On the twenty-ninth, Edmund Randolph, the governor of Virginia, opened the business of the convention in this wise: "To prevent the fulfilment of the prophecies of the downfall of the United States, it is our duty to inquire into the defects of the confederation and the requisite properties of the government now to be framed; the danger of the situation and its remedy.

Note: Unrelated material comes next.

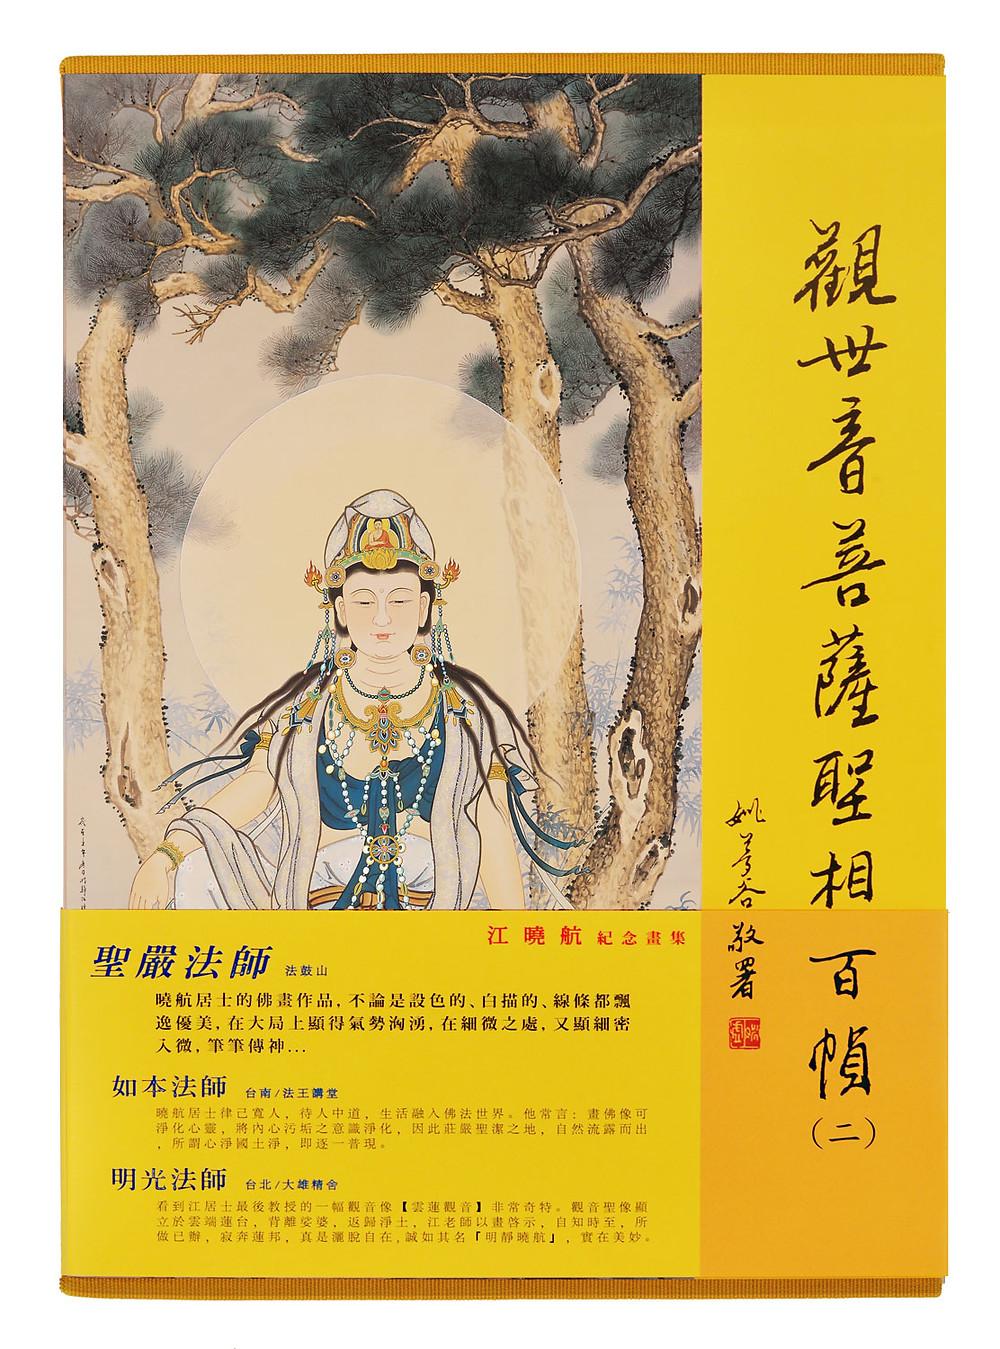 15-4江曉航.jpg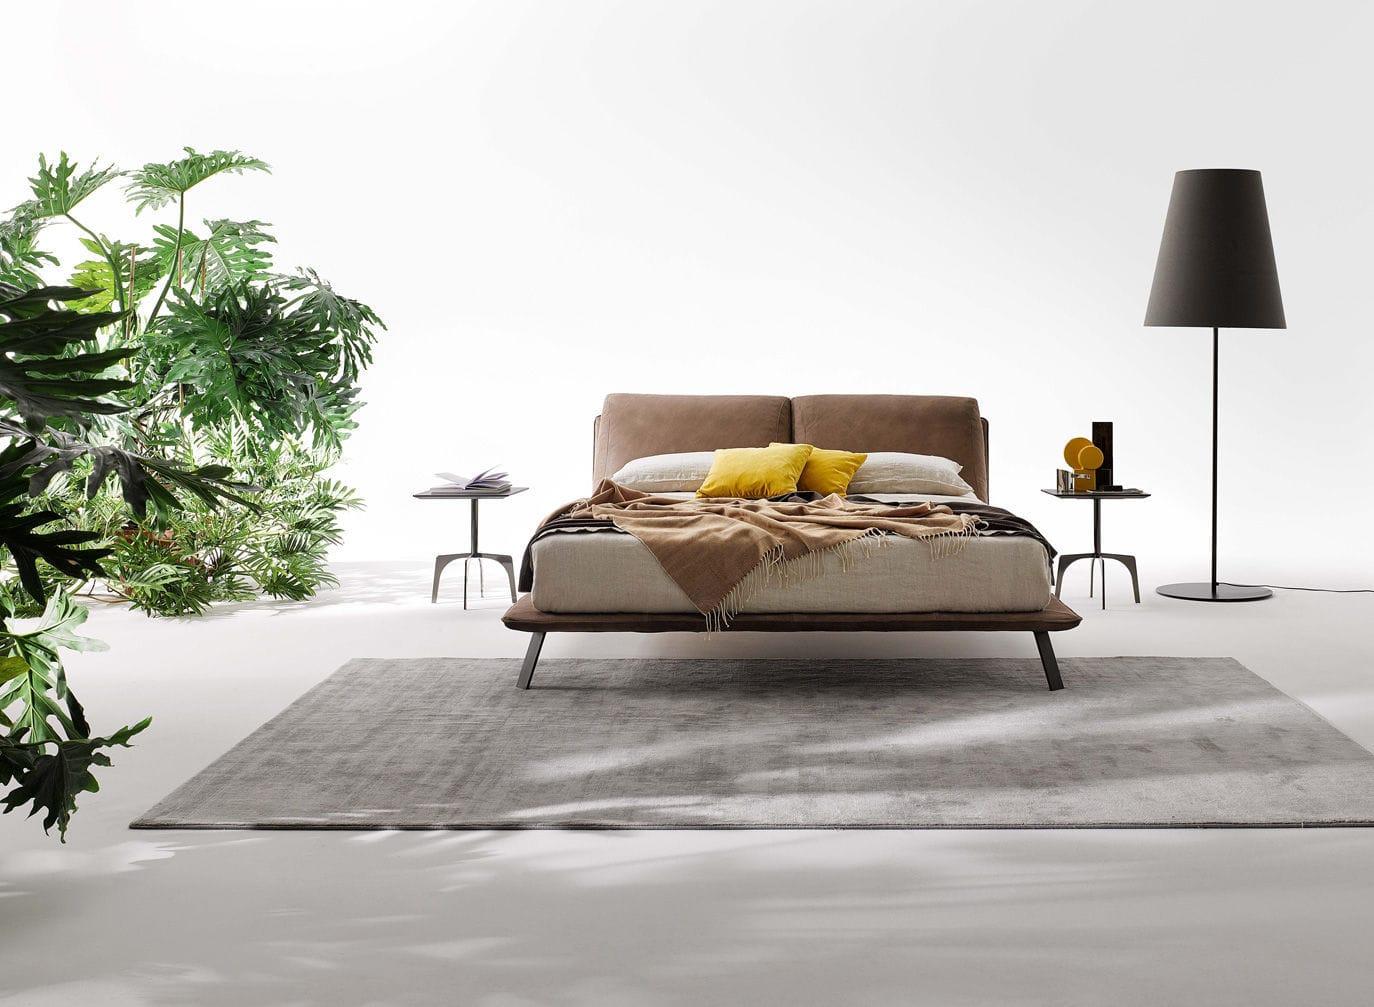 Bett Modern With DoppelBett / Modern / Leder KANAHA Ditre Italia Also  DoppelBett / Modern /

"The confederation was made in the infancy of the science of constitutions, when the inefficiency of requisitions was unknown; when no commercial discord had arisen among states: when no rebellion like that in Massachusetts had broken out; when foreign debts were not urgent; when the havoc of paper money had not been foreseen; when treaties had not been violated; and when nothing better could have been conceded by states jealous of their sovereignty. But it offered no security against foreign invasion, for congress could neither prevent nor conduct a war, nor punish infractions of treaties or of the law. of nations, nor control particular states from provoking war. The federal government has no constitutional power to check a quarrel between separate states; nor to suppress a rebellion in any one of them; nor to establish a productive impost; nor to counteract the commercial regulations of other nations; nor to defend itself against encroachments of the states. From the manner in which it has been ratified in many of the states, it cannot be claimed to be paramount to the state constitutions; so that there is a prospect of anarchy from the inherent laxity of the government. As the remedy, the government to be established must have for its basis the republican principle."

He then proposed fifteen resolutions, which he explained one by one.

"The articles of confederation ought to be so corrected and enlarged as to accomplish the objects proposed by their institution; namely, 'common defence, security of liberty, and general welfare.'

"The rights of suffrage in the national legislature ought to be proportioned to the quotas of contribution, or to the number of free inhabitants.

"The national legislature ought to consist of two branches, of which the members of the first or democratic house ought to be elected by the people of the several states; of the second, by those of the first, out of persons nominated by the individual legislatures.

"The national legislature, of which each branch ought to possess the right of originating acts, ought to enjoy the legis lative rights vested in congress by the confederation, and moreover to legislate in all cases to which the separate states are incompetent, or in which the harmony of the United States might be interrupted by the exercise of individual legislation; to negative all laws passed by the several states contravening the articles of union; and to call forth the force of the union against any member of the union failing to fulfil its duty under the articles thereof.

"A national executive, chosen by the national legislature and ineligible a second time, ought to enjoy the executive rights vested in congress by the confederation, and a general authority to execute the national laws.

"The executive and a convenient number of the national judiciary ought to compose a council of revision, with authority to examine every act of the national legislature before it shall operate.

"A national judiciary ought to be established; to consist of supreme and inferior tribunals; to be chosen by the national legislature; to hold their offices during good behavior, with jurisdiction to hear and determine all piracies and felonies on the high seas; captures from an enemy; cases in which foreigners and citizens, a citizen of one state and a citizen of another state, may be interested; cases which respect the collection of the national revenue; impeachments of national officers; and questions which may involve the national peace and harmony.